Another full-back makes the case

James Justin was, again, excellent - as he has been most of the season.

If he can maintain his place in the team, now that Ricardo Pereira is back to fitness, and his form, his timing might be impeccable.

Much has been made of the number of right-backs England have, but Justin can play both sides of defence - and the right-sided options have been less-than-stellar of late.

Trent Alexander-Arnold lacks form, Aaron Wan-Bissaka’s performances have been extremely hit-and-miss, Kieran Trippier faces a worldwide suspension and Kyle Walker has been in and out of fashion. Justin might just prove an invaluably versatile, and reliable, pick for the European Championships.

Leicester celebrate scoring (POOL/AFP via Getty Images)

Maddison shows up big signings

Attacking midfielders are in the team for a variety of reasons, but Leicester’s Maddison can do the whole lot.

Finding spaces, taking the ball on the turn, fashioning chances for his team or taking them himself - he was excellent again here at all those offensive-minded requests from the manager, without lacking any of the defensive work rate required.

He did, in effect, put to shame the job done by the likes of Kai Havertz and Mason Mount, who seem to have no real clue as to their off-the-ball job at times and certainly don’t have the solidity about their team shape that Leicester’s midfield zone does.

Lampard’s switches

Another game, another glut of changes. The switch on the right side of defence across the last two matches has seen Chelsea go from Azpilicueta and Zouma, to James and Rudiger.

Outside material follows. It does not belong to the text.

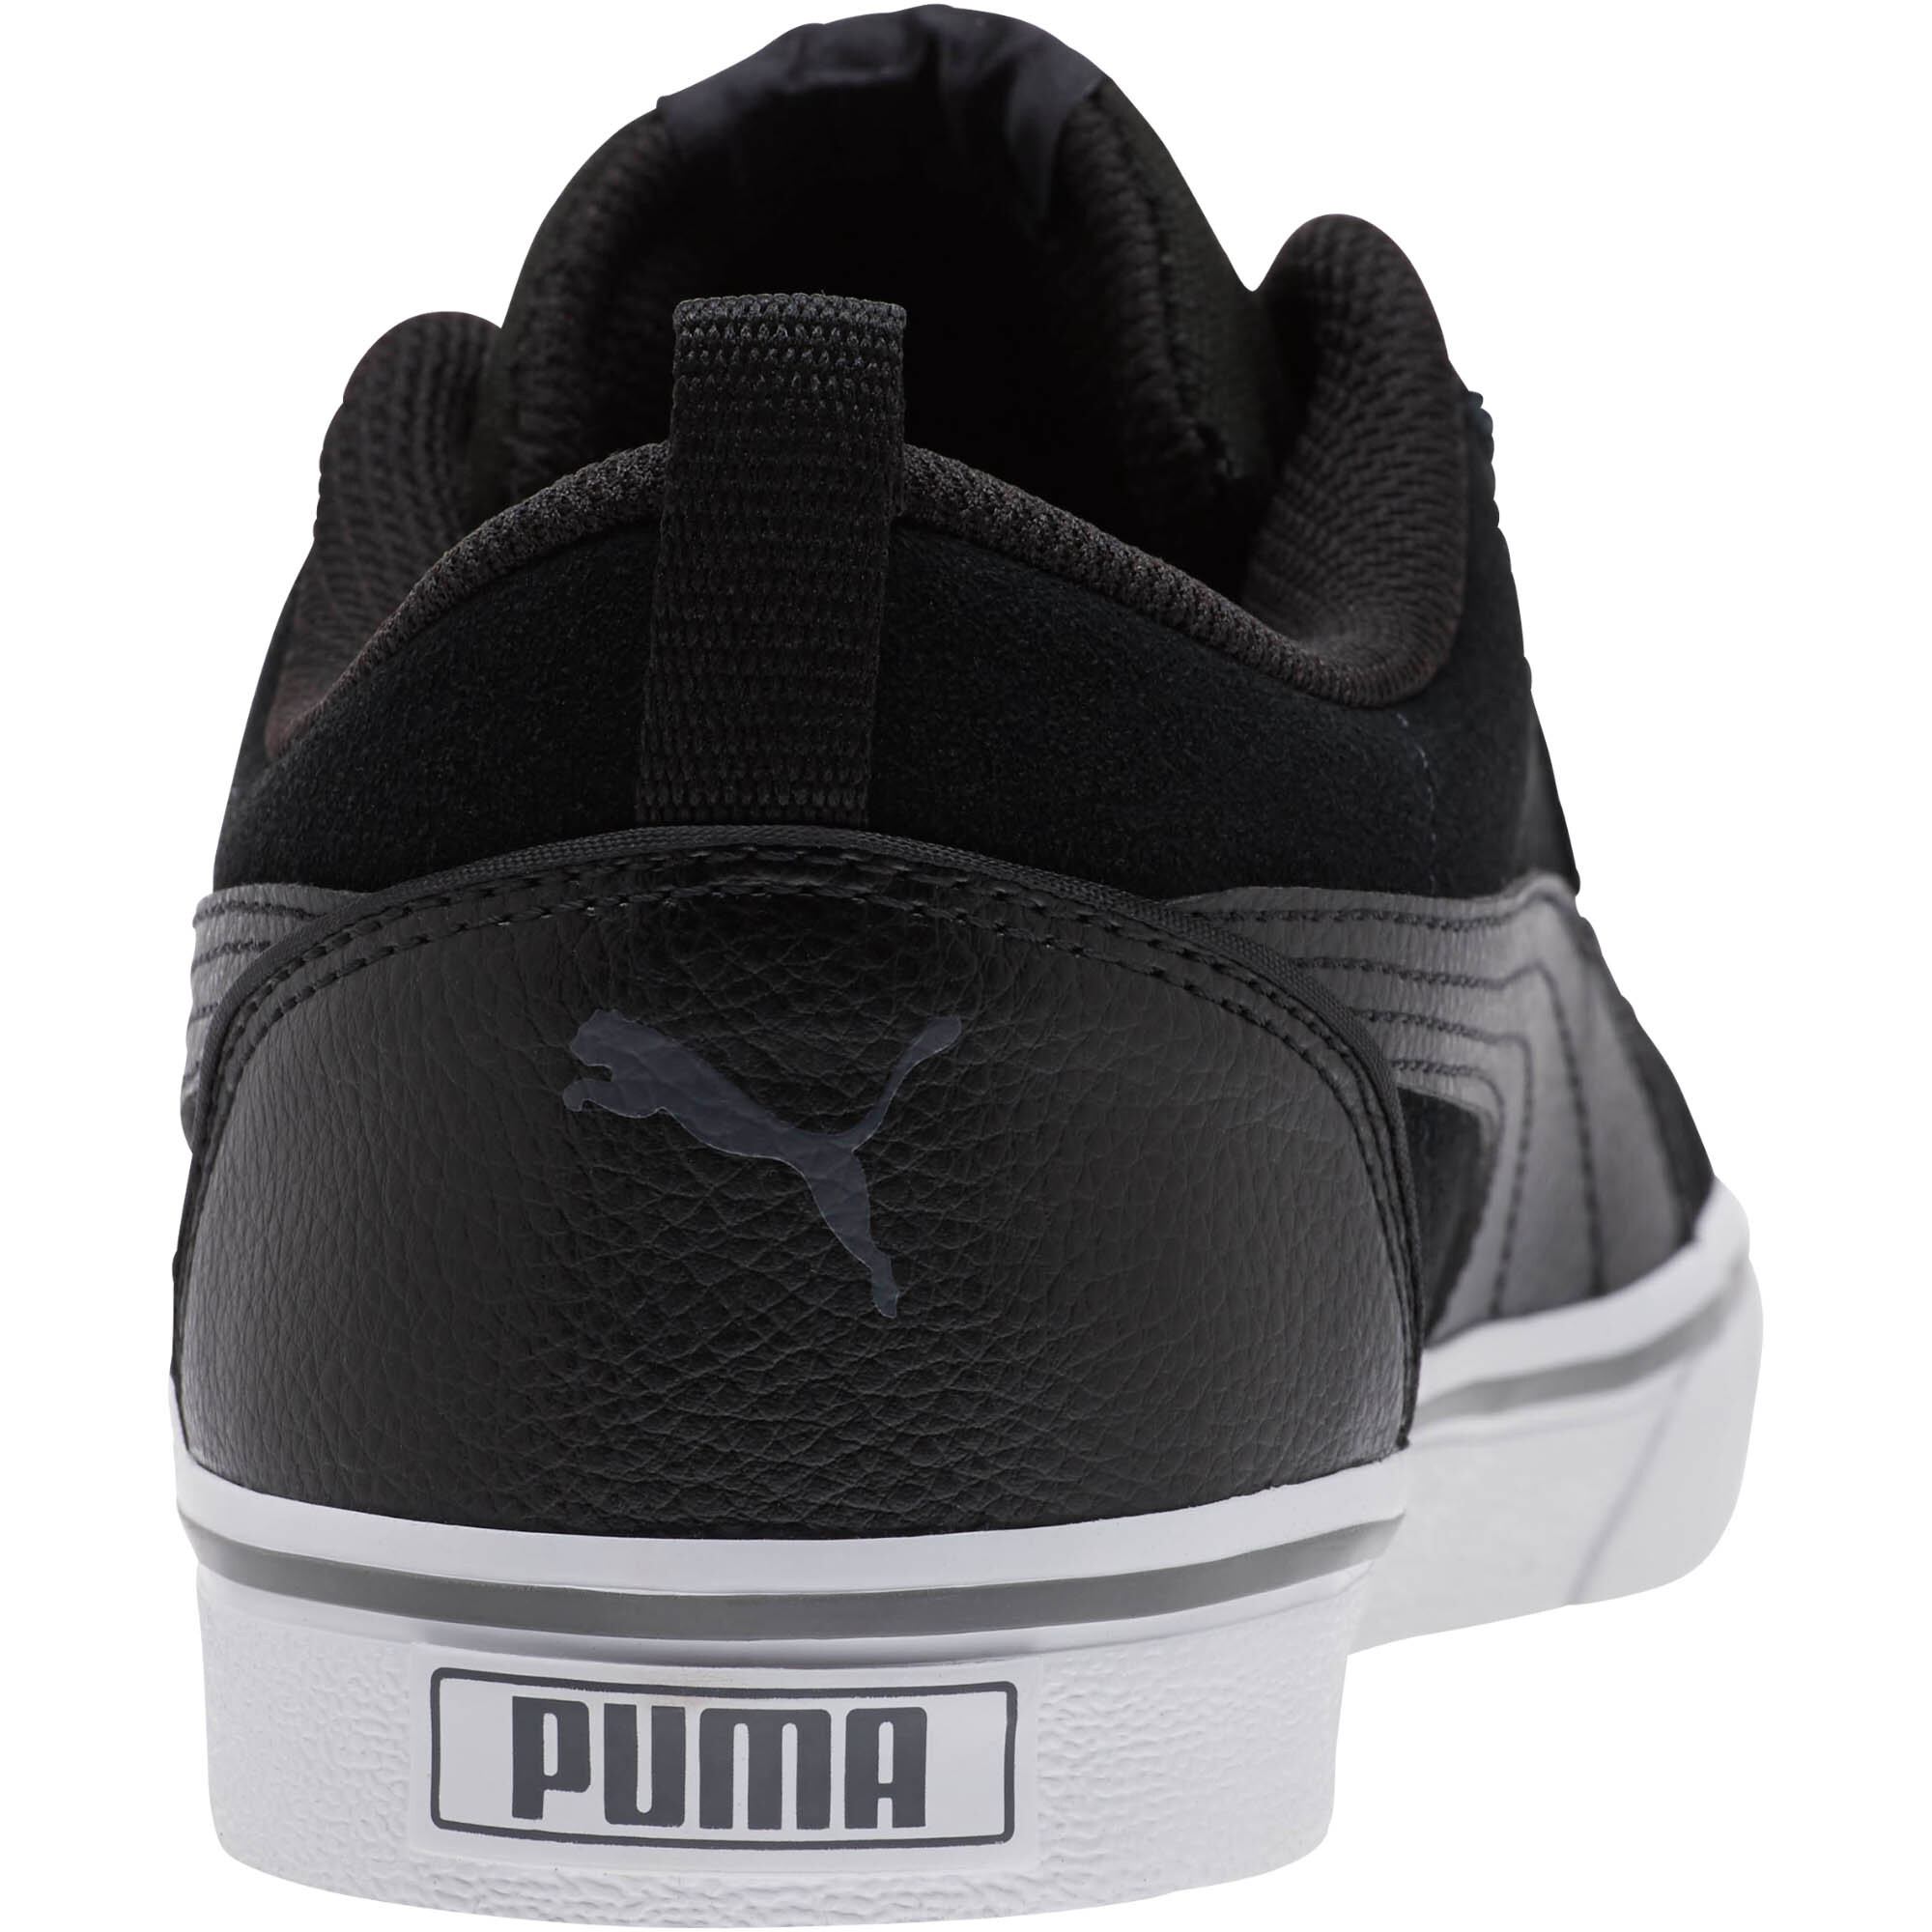 PUMA Puma Bridger SD Men's Sneakers Men Shoe Basics | eBay

Both the latter were slow and reactive against the Foxes, not at all up to speed against their opponents and showing a lack of understanding as to the marking jobs of each, particularly from crosses coming from the opposite side.

Considering Kurt Zouma’s form this term, the central change in particular is a strange one.

In attack, the same could be said at times: are they tactical changes, alterations based on form, or just to offer fresh legs and to see who stars and creates the victory? It feels like the latter at times and certainly hasn’t had the desired impact.

Wilfred Ndidi opens the scoring (Getty Images)

Top…and top four

Who is going for what, here?! Chelsea were seen as certs for at least fourth this season, yet now lie eighth in the table at the halfway point of the season for the Blues.

West Ham and Everton are both above them, while Leicester are top - they won’t speak publicly about title ambitions, but in a campaign of strange results and inconsistency, they might just allow themselves to dream of a repeat of 2016.

Chelsea have a lot of work to do to get anywhere close. It’s five points between themselves and fourth, but that could increase by a significant amount once all teams have reached the 19-game mark too.

The pressure on Frank Lampard continues to grow.